Women in Mathematics
- Author: Lynn M. Osen
- Language: English
- Genre: Non-fiction
- Publisher: MIT Press
- Publication date: 1974
- Publication place: United States

= Women in Mathematics (book) =

Book by Lynn M. Osen

Women in Mathematics is a book on women in mathematics. It was written by Lynn M. Osen, and published by the MIT Press in 1974.

==Topics==
The main content of the book is a collection of eight biographies of women mathematicians, arranged chronologically, with an additional introductory chapter and two closing chapters. The mathematicians profiled here are Hypatia, Maria Gaetana Agnesi, Émilie du Châtelet, Caroline Herschel, Sophie Germain, Mary Somerville, Sofya Kovalevskaya, and Emmy Noether.

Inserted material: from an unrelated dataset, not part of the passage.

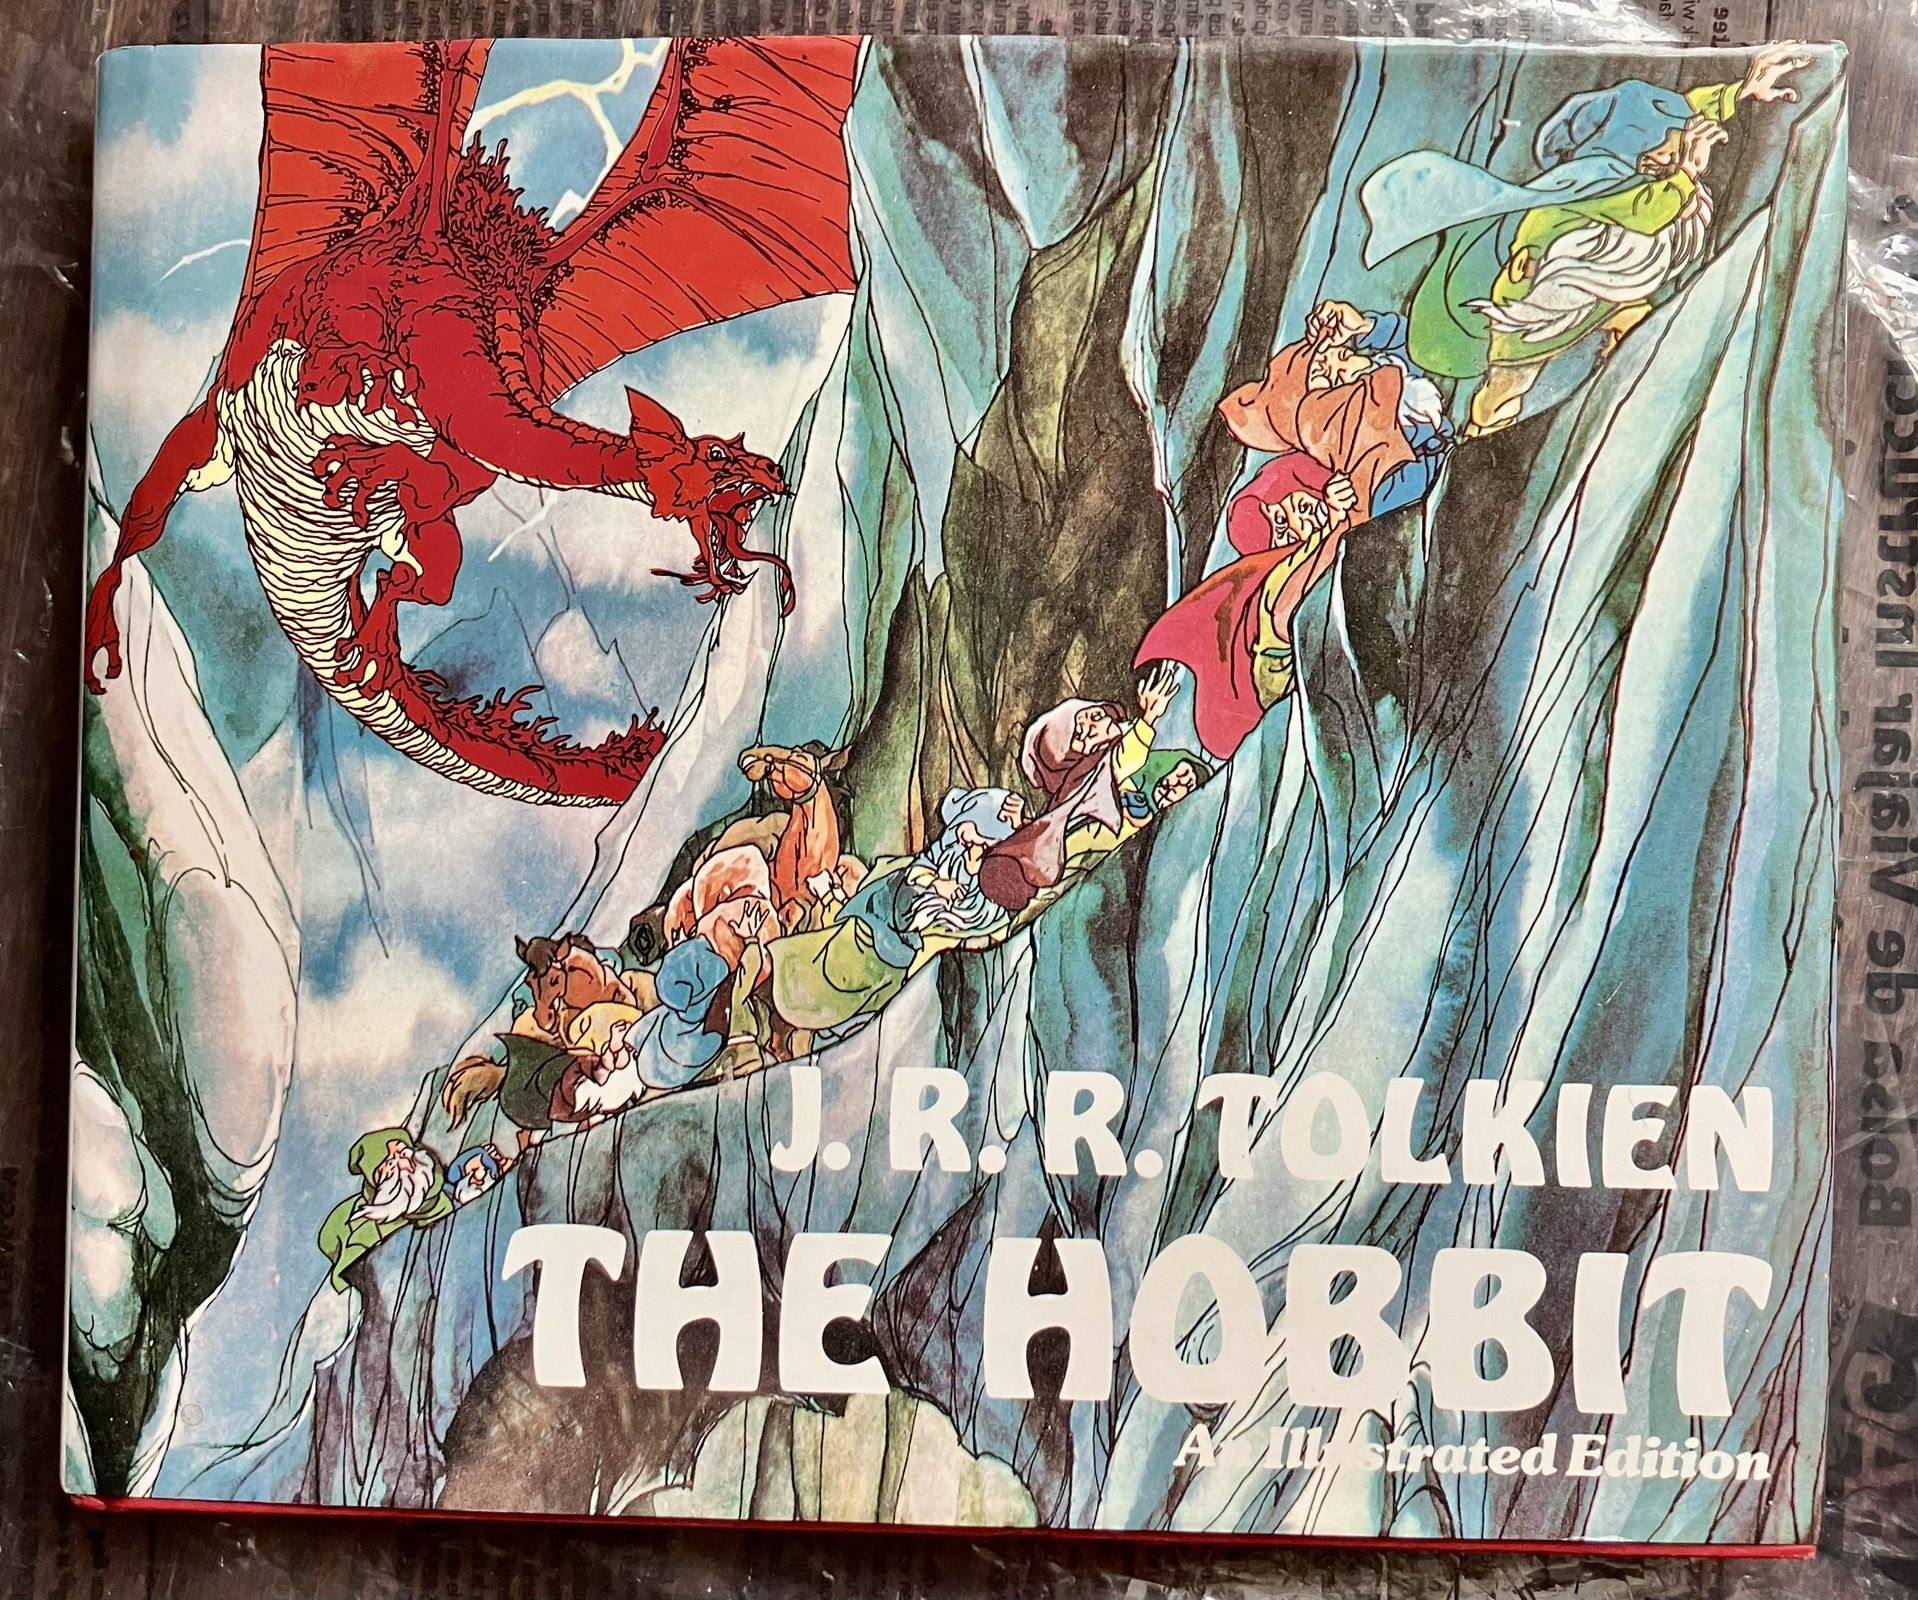  The Hobbit: An Illustrated Edition (Galahad Books, 1993)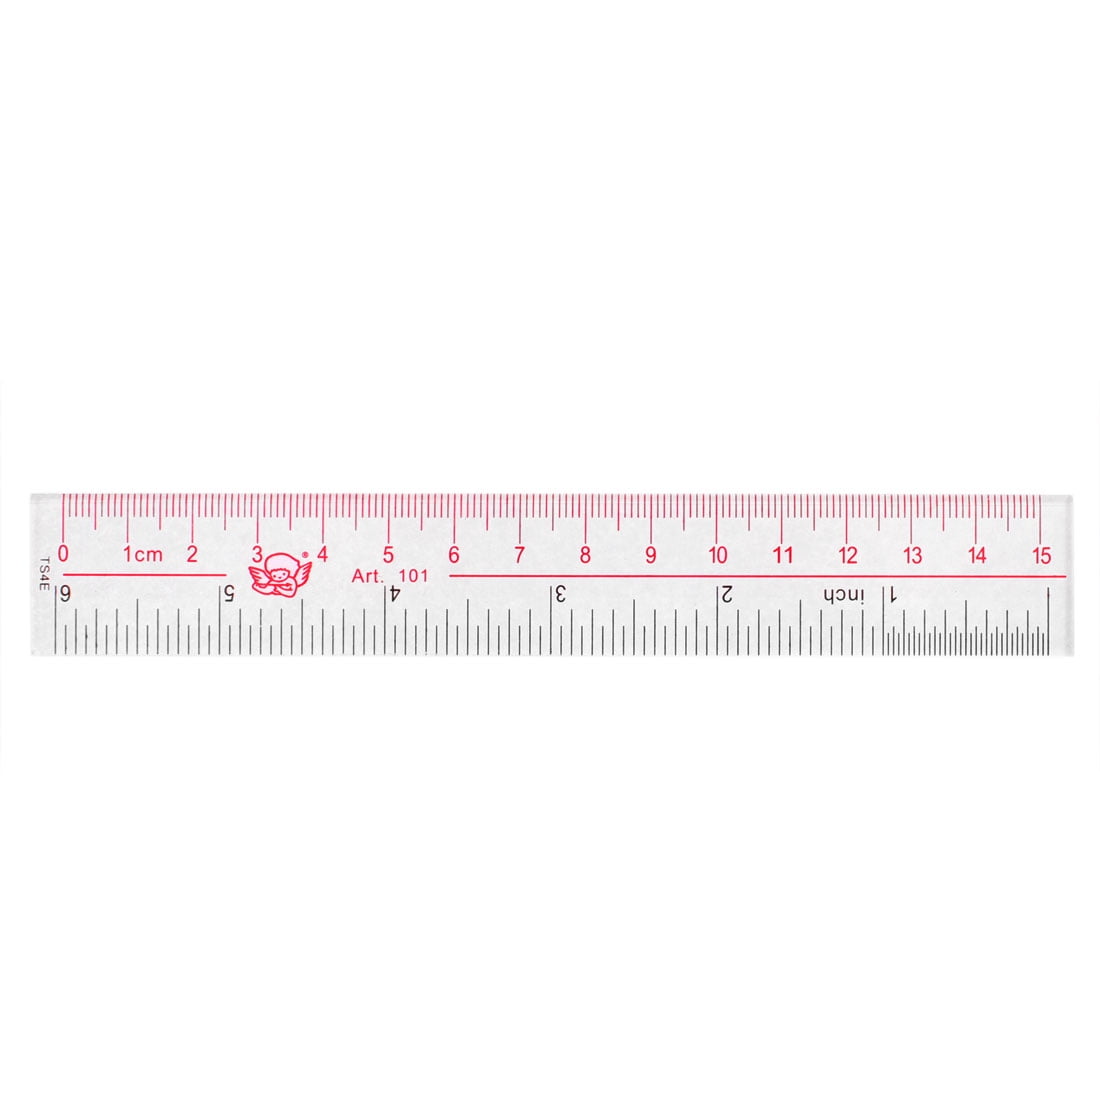 6 Inch Metal Rulers, Inches & Metric Ruler 55247 2, Compact Ruler

One of the two closing chapters features shorter profiles of additional women mathematicians, "rather curiously selected" and "mostly working in America". The scientists mentioned in this chapter are Mary W. Gray, Mina Rees, Lise Meitner, Maria Goeppert Mayer, Charlotte Scott, Hanna Neumann, Maria Pastori, Maria Cibrario, Jacqueline Lelong-Ferraud, Paulette Libermann (misspelled Liberman), Sophie Piccard (misspelled Picard), Olga Taussky-Todd, Emma Lehmer (misspelled Lermer), Julia Robinson, Elizabeth Scott, Grace Hopper and Dorothy Maharam Stone.

==Reception==
Although reviewer Philip Peak found the book "interesting and useful", and reviewer Florica T. Câmpan writes that it is written in a pleasant style, most reviewers were not as positive. Hardy Grant writes that Osen's profile of Hypatia has treated her "very badly" by being based primarily on a piece of fiction for children written in the early 20th century by Elbert Hubbard. Reviewer R. P. Infante writes that "Osen does not seem to know much mathematics or its history", pointing to several errors in both. Infante also bemoans the book's "narrow" and "slipshod" scholarship, consisting of vague attributions to "some scholars" in the text of the work that "invariably" lead to the work of a single author, early 20th century writer John Augustine Zahm. Reviewer Herbert Meschkowski suggests that Grace Chisholm Young should have been mentioned. And reviewers Margaret Hayman and Edith Robinson both complain about the book's focus on its subjects' victimization by society, rather than either their personal lives and personalities or their mathematical accomplishments. Michael A. B. Deakin wrote, "Sadly, the standard of Osen's scholarship did not match the importance of her subject matter."